Tóibín effectively and elegantly draws a brief but balanced portrait of this complex woman, showing us both her accomplishments and faults. Although I have read some of Yeats’ poems and some of Shaw’s plays, this short work makes me want to do more exploring around these figures in the Irish cultural nationalism movement and their works.

Day 26: Love, Poverty, and War

Cover for Love, Poverty, and WarEssays are not really my genre since I was terrorized by Ralph Waldo Emerson and Henry David Thoreau in my teens, but I’ll give this a try.

Love, Poverty, and War is a collection of articles written by Christopher Hitchens between 1998 and 2005. It is a mixed bag containing book reviews, biographical opinion pieces, travelogues, and political polemics. I have read that he has said or written something to irritate everyone. I found him scarily intelligent and well-informed, although he has also been accused of picking his facts and disregarding those that don’t agree with his beliefs. He has a strong opinion about everything, it seems.

Hitchens’s book reviews are difficult for me to assess because I had not read a single one of the books (although I had read the authors) except Brave New World, which I read about 1970. I thought it was curious that most of the literature he reviews was written before the 1960s. Those reviews are included in the section called “Love,” so I suppose they are some of his favorite classic authors, but his selections made me wonder how he picked the essays to include in this book (if he did). I loved his review of a book by some academic that compared Bob Dylan’s songs to religious poetry by counting how many words the pieces had in common. His comments on this methodology are hilarious.

His portrait of Churchill was startling and shocking to me, as it was almost entirely negative. But then I started wondering about why it is included in the section called “Love” along with essays about Kipling, Kingsley Amis, and Orwell. I decided that he is fascinated by people of contradictions, although certainly he does not appreciate hypocrites.

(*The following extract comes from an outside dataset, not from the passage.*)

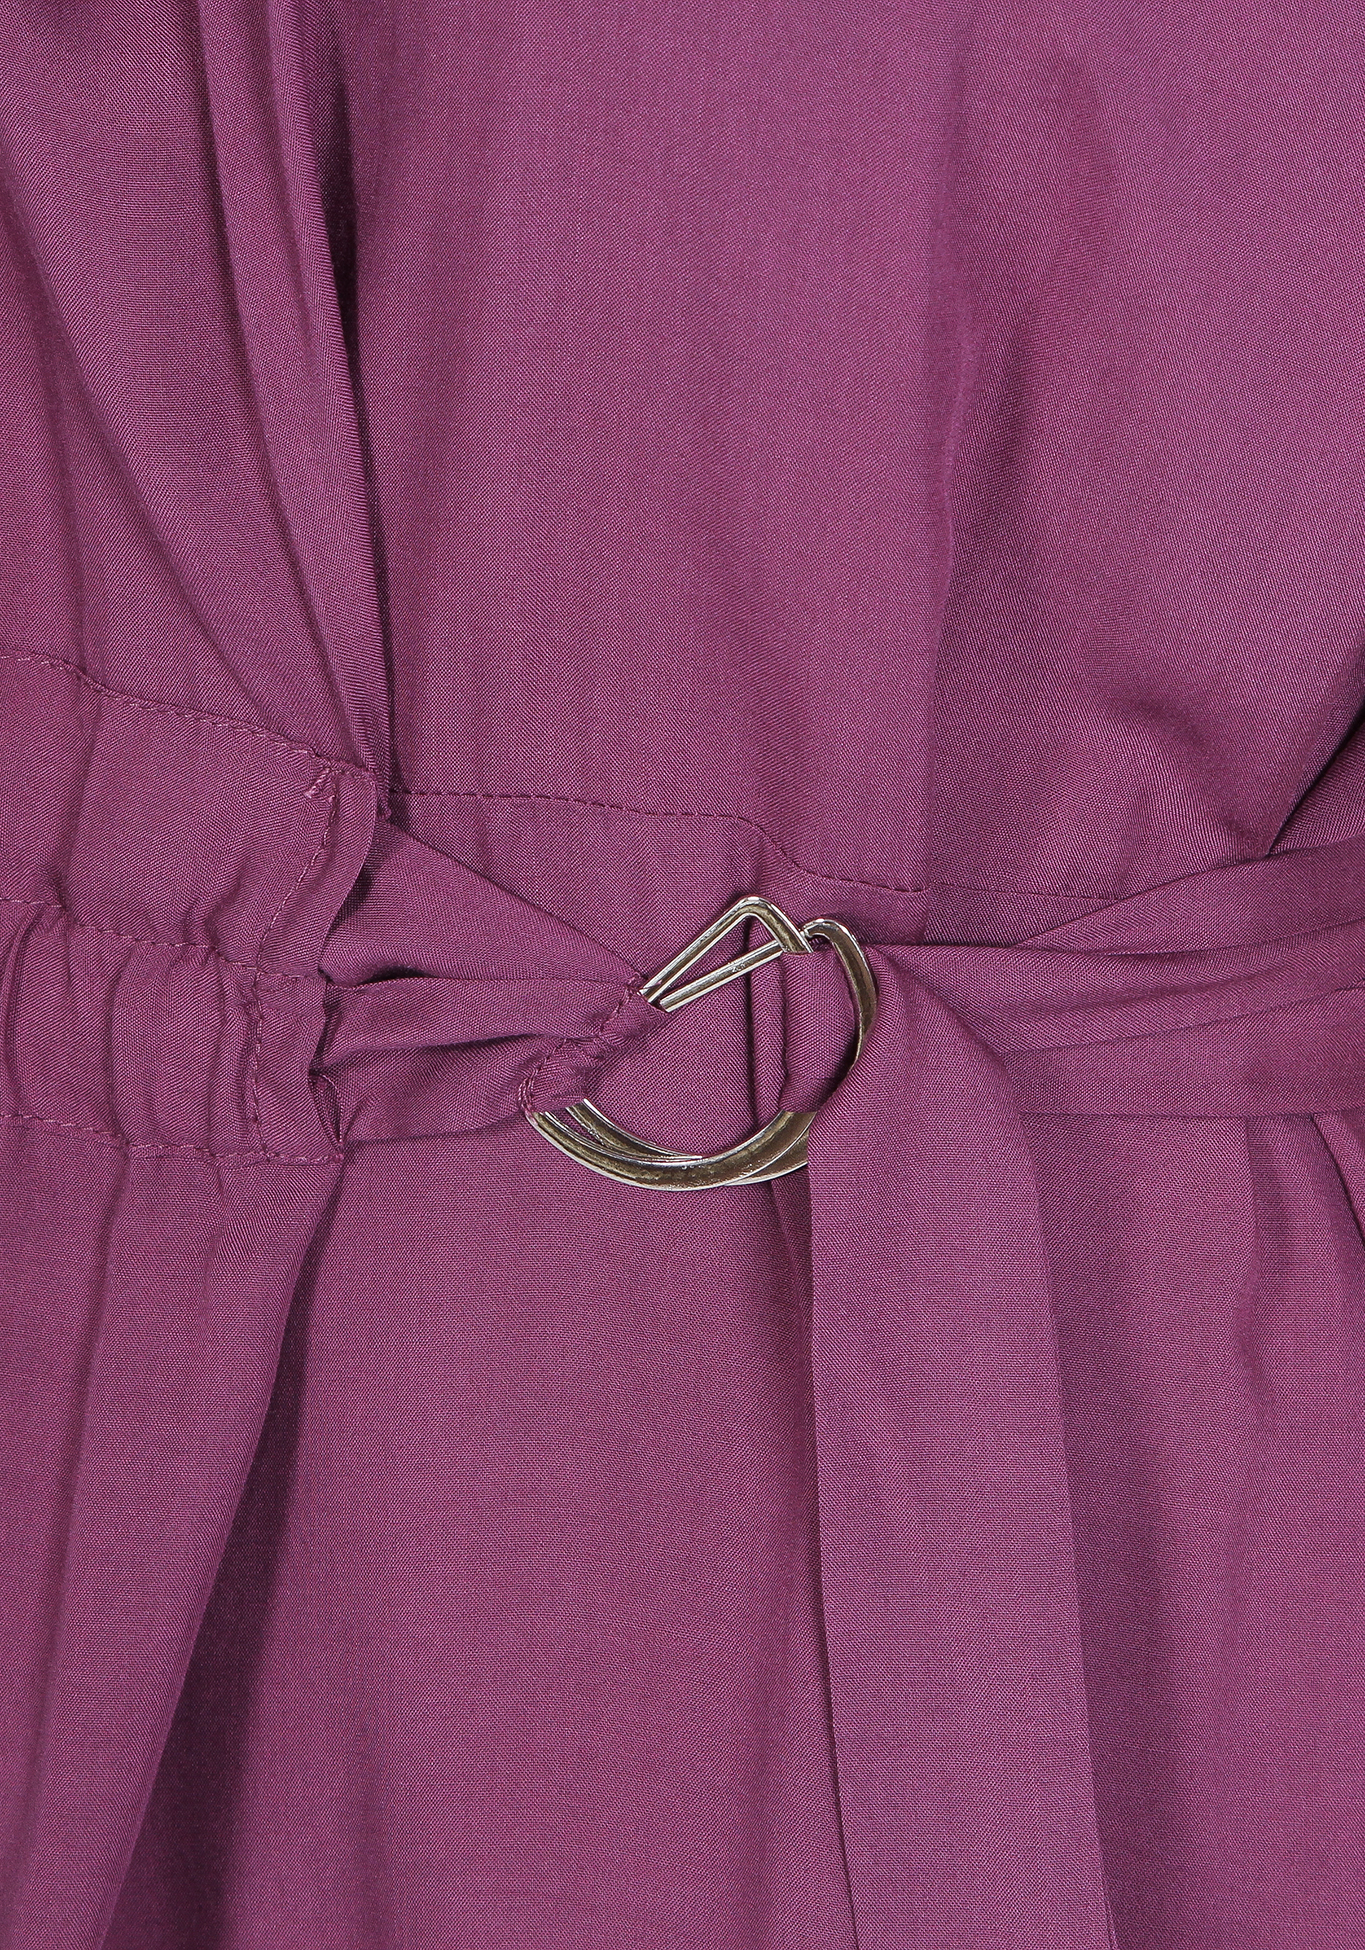 Платье "Алессандрия" Lovestyle, размер 50, цвет кофейный - фото 3

I regret to say that I am not familiar enough with the details of events he discusses under “War.” For example, he repeatedly brings up the U.S. bombing of a Sudanese chemical plant, which I don’t recollect at all. He has been criticized for a shift from leftist to rightist politics because of his opinions about the U.S. handling (or lack thereof) of Salman Rushdie’s situation when he was under fatwa and then his reaction to 9/11 and the attacks following. I noticed that between essays he certainly shifted his position on the Sudanese bombing, maintaining at first that the factory produced aspirin and later that there were strong indications that it was used to produce WMD.

I didn’t see this as a political shift as much as the result of his knowledge of the situations in Iraq and Afghanistan and an honest abhorrence of some of the left-wing apologists after 9/11. Unfortunately, it seems that some of his optimism about the interventions in Iraq and Afghanistan was a bit premature.

Hitchens is sharp and witty. I laughed out loud frequently even if I didn’t agree with him. However, if you are not very familiar with the events he discusses, he is sometimes hard to follow. And since these are essays, he does not cite his sources. Sometimes he states things as facts that make me wonder where he got his information.